Я рыдала на руках Криса. Я бы сказала ей еще больше, если бы на меня не глядели черные строгие глаза Барта, которые повелевали мне быть сильной, повелевали отказаться от человека, которого я люблю. Но как, как я могу расстаться с ним, если это уничтожит его?
* * *
Мы все так же живем по соседству со страшными руинами того дома, в котором моя мать пыталась спасти меня, но в нашей жизни все изменилось. Я люблю Барта, Бог видит, как я люблю его; но когда я вижу эти темные безжалостные глаза, я всегда удивляюсь, отчего в его представлении я так виновна…
Прошлым вечером Джори и Мелоди выступали в театре в изумительно красивом балете «Ромео и Джульетта». Я внутренне сжималась, ожидая увидеть циничную улыбку Барта. Он всегда так улыбается, будто прожил целый век и видел все на свете. Улыбка победителя, которому достанутся в конце концов все блага мира. Да, он всегда найдет способ обратить на себя внимание.
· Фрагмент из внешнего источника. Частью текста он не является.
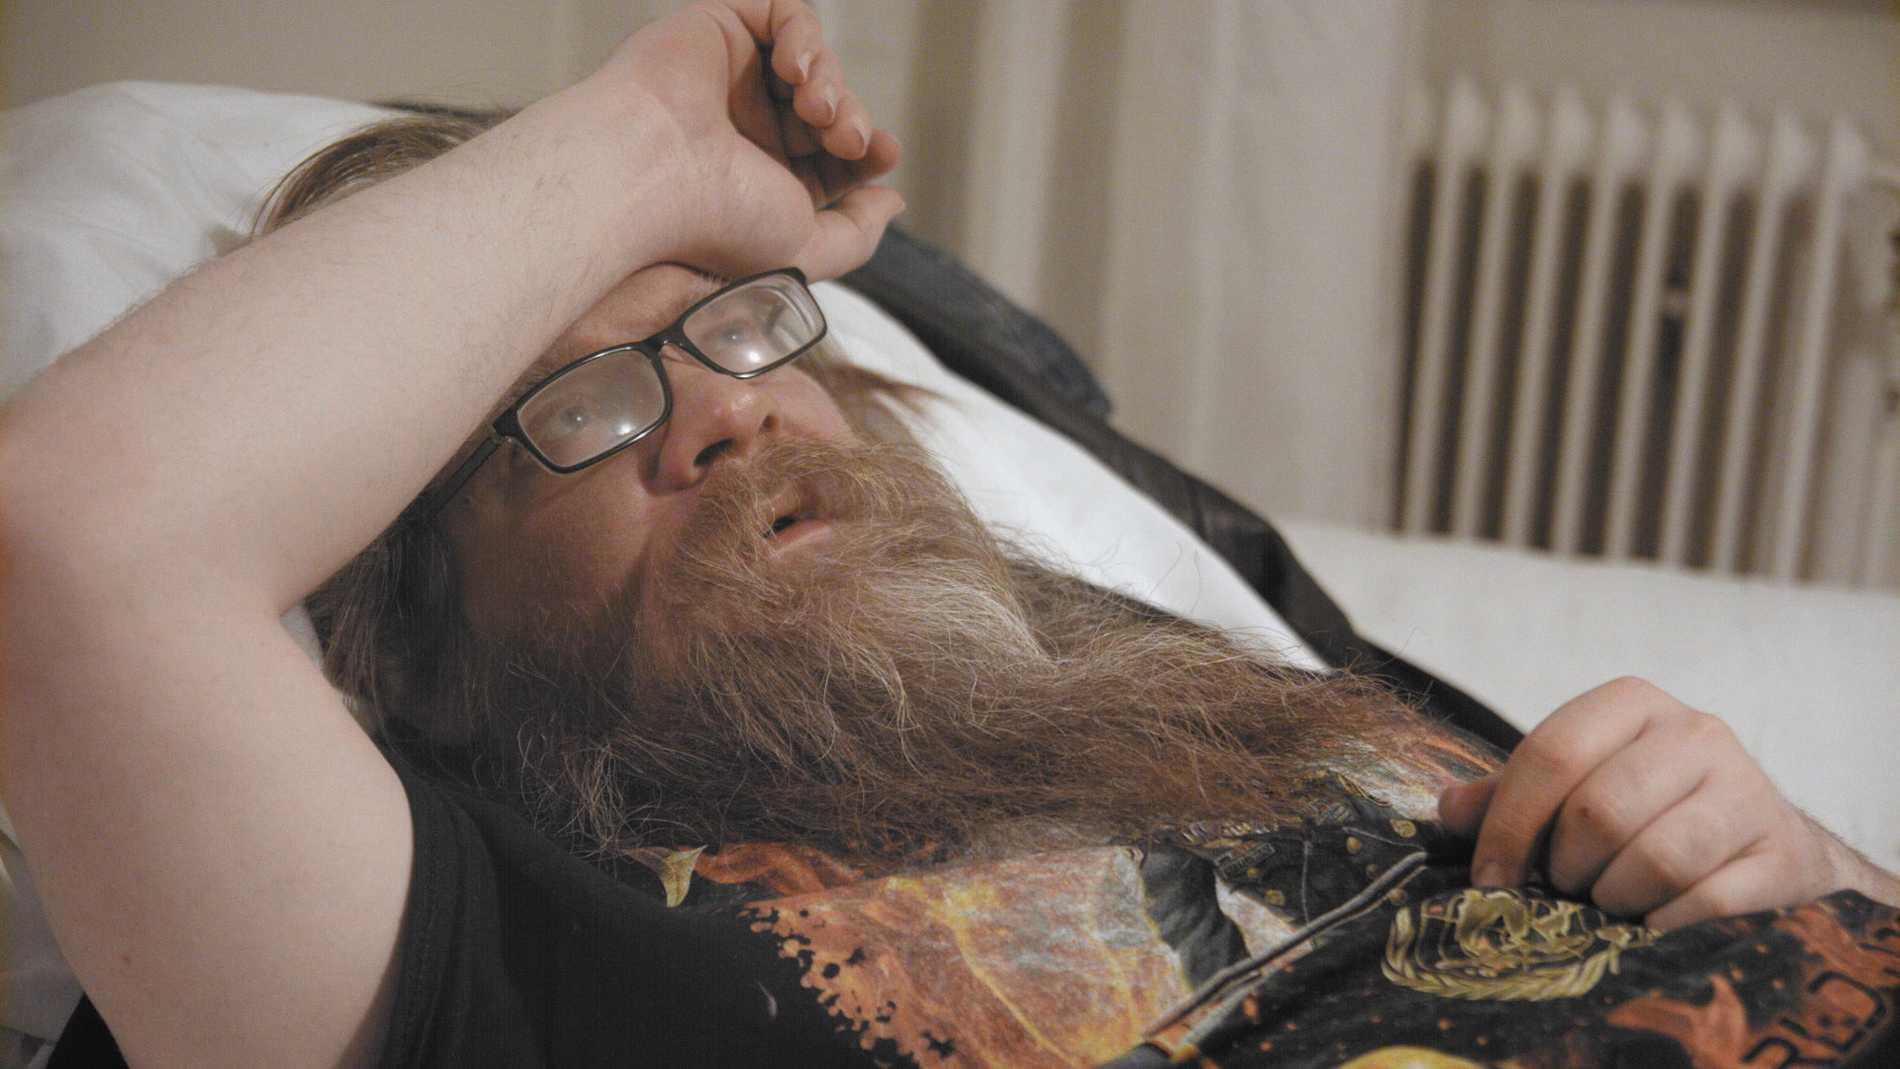 """Nya dokumentären """"Jag är Klimpen, motherfucker!"""" följer Martin Iliou, känd för sin roll som """"Klimpen"""" i tv-serien """"Bert"""" under tre år. Det är en tid kantad av missbruk, hemlöshet – och nyfunnen kärlek. Pressbild."""

По ночам он пробирается в нашу спальню, научившись открывать замок, смотрит на меня и Криса, пока я притворяюсь спящей, опасаясь пошевелиться, и боюсь… боюсь, что зло, которое жило в моем деде Малькольме, переселится в моего младшего сына. Рано или поздно история повторится.
– Сегодня пришло письмо от моего литературного агента, – прошептала я после представления мадам Марише. Джори с Мелоди тем временем переодевались. – Она нашла издателя для моей первой книги. Не бог весть какой доход, но я согласилась.
Мадам задумчиво и неодобрительно посмотрела на меня. Она всегда так смотрит, будто видит меня насквозь:
– Кэтрин, ты, конечно, поступишь согласно своим желаниям, несмотря на протесты или последствия, но…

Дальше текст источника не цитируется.